— Problem description —
Print the lines from the one containing "Homedepot Kitchen Cabinets" through the end of the listing below, exactly as written. Any pictures stay out.

— Given data —

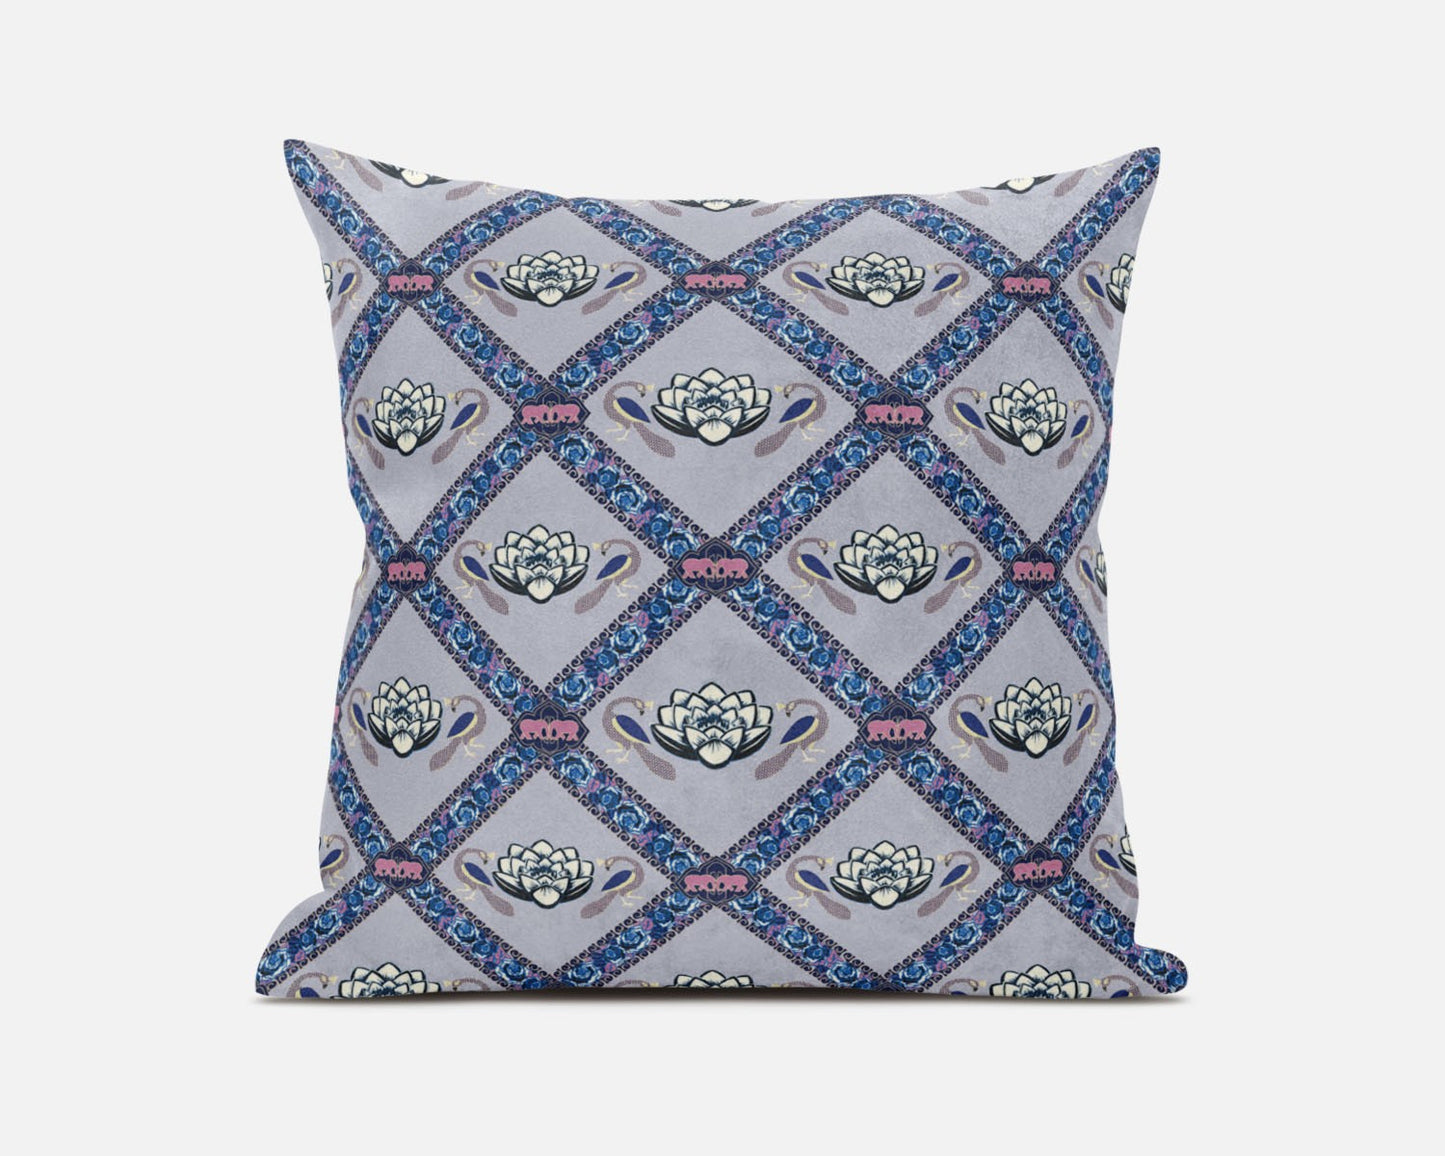 16" X 16" Gray Sea Blue Pink Lotus Floral Blown Seam Suede Throw Pillow
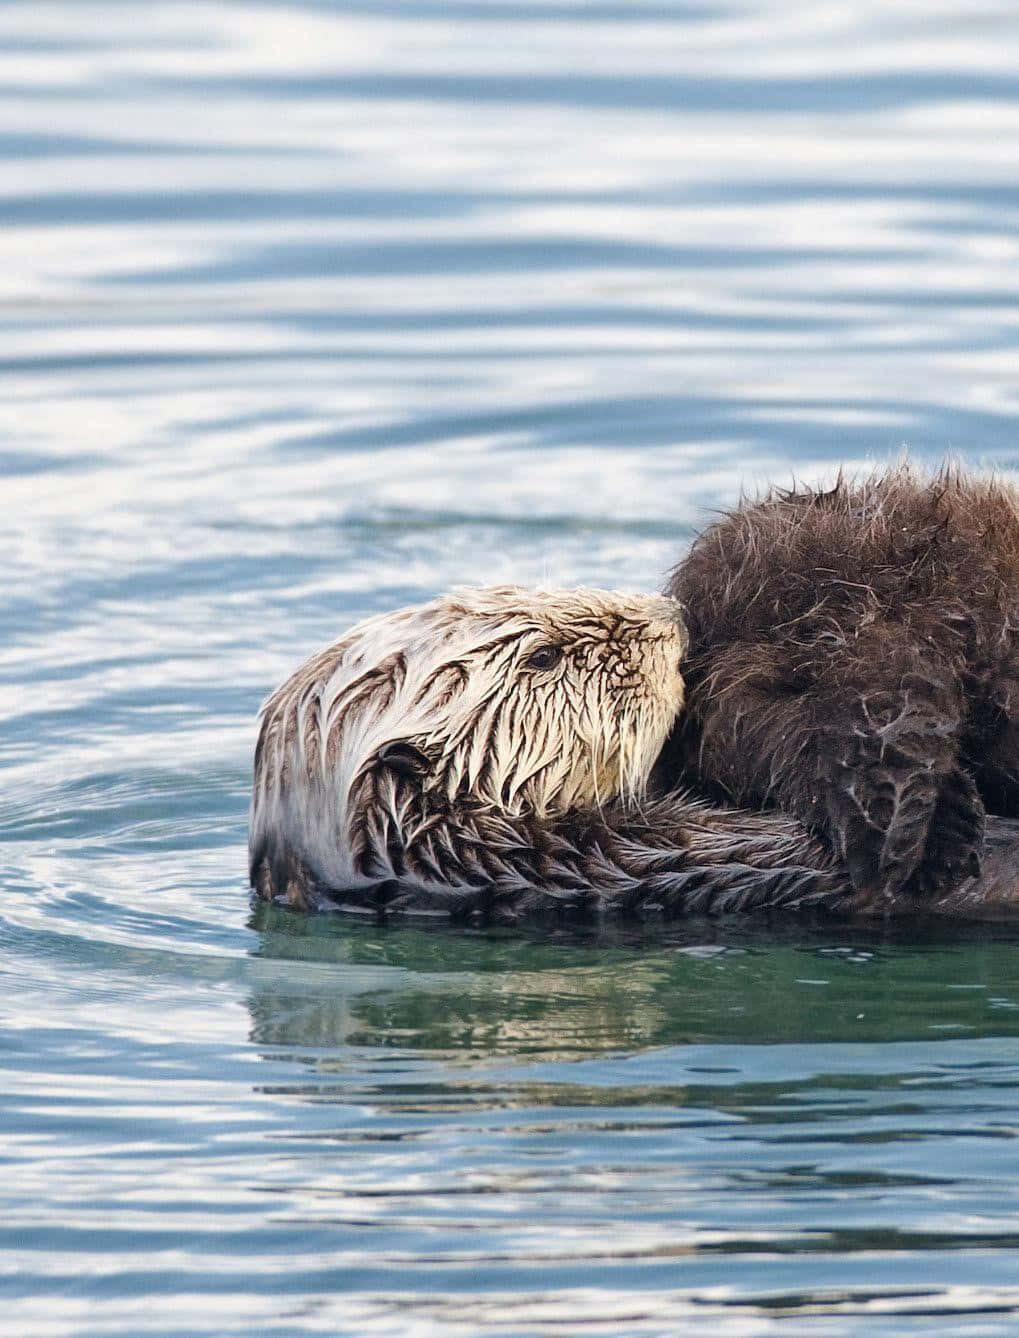 Adorable Otter Snuggling in its Habitat
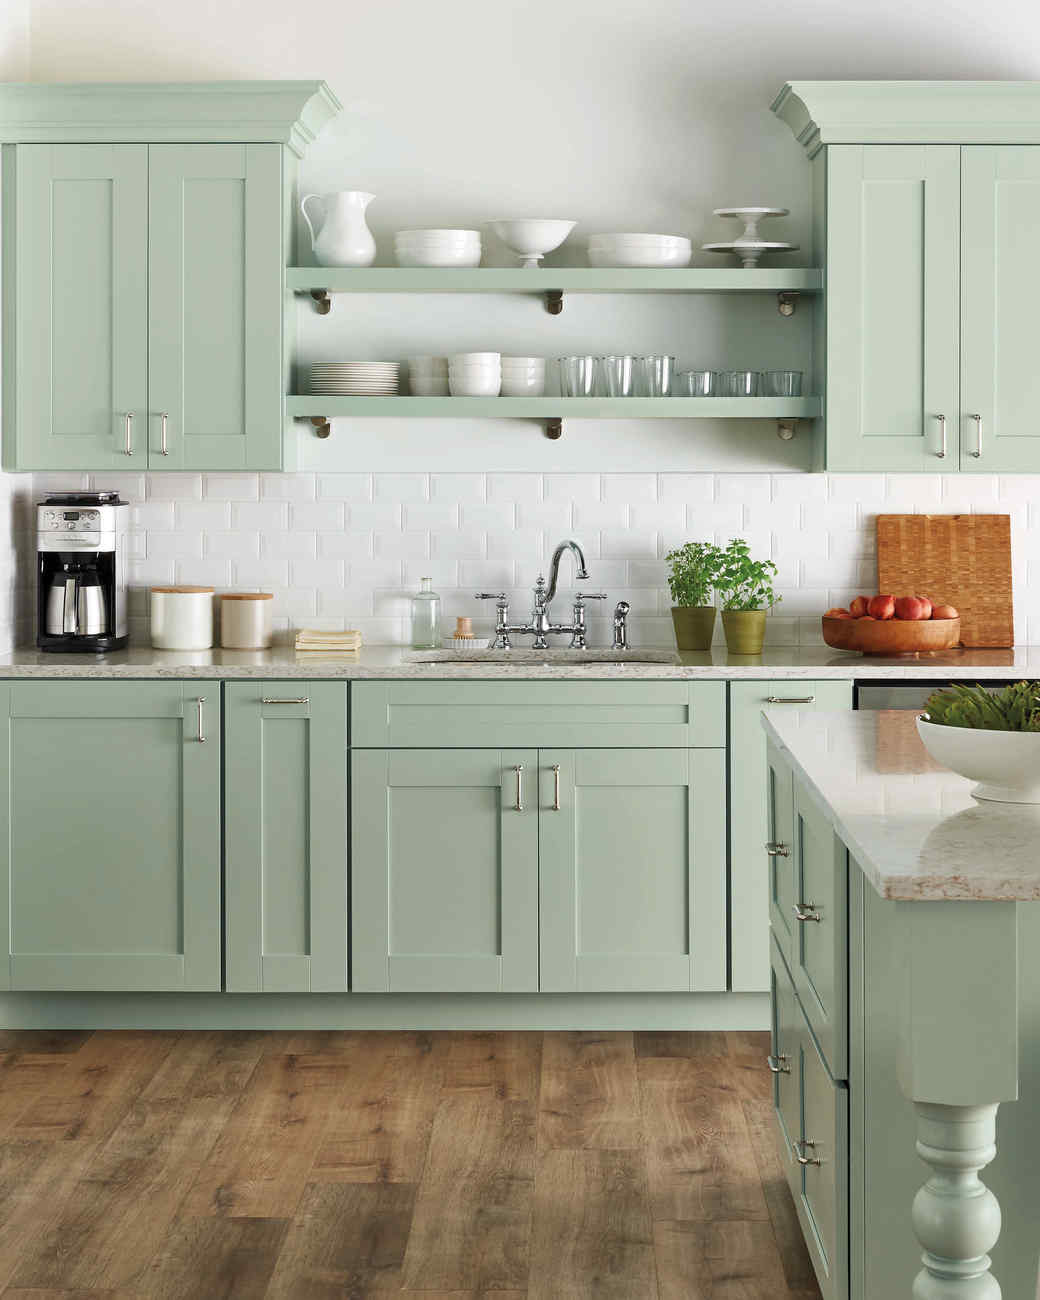 Homedepot Kitchen Cabinets
 Select Your Kitchen Style

— Task result —
 Homedepot Kitchen Cabinets
 Select Your Kitchen Style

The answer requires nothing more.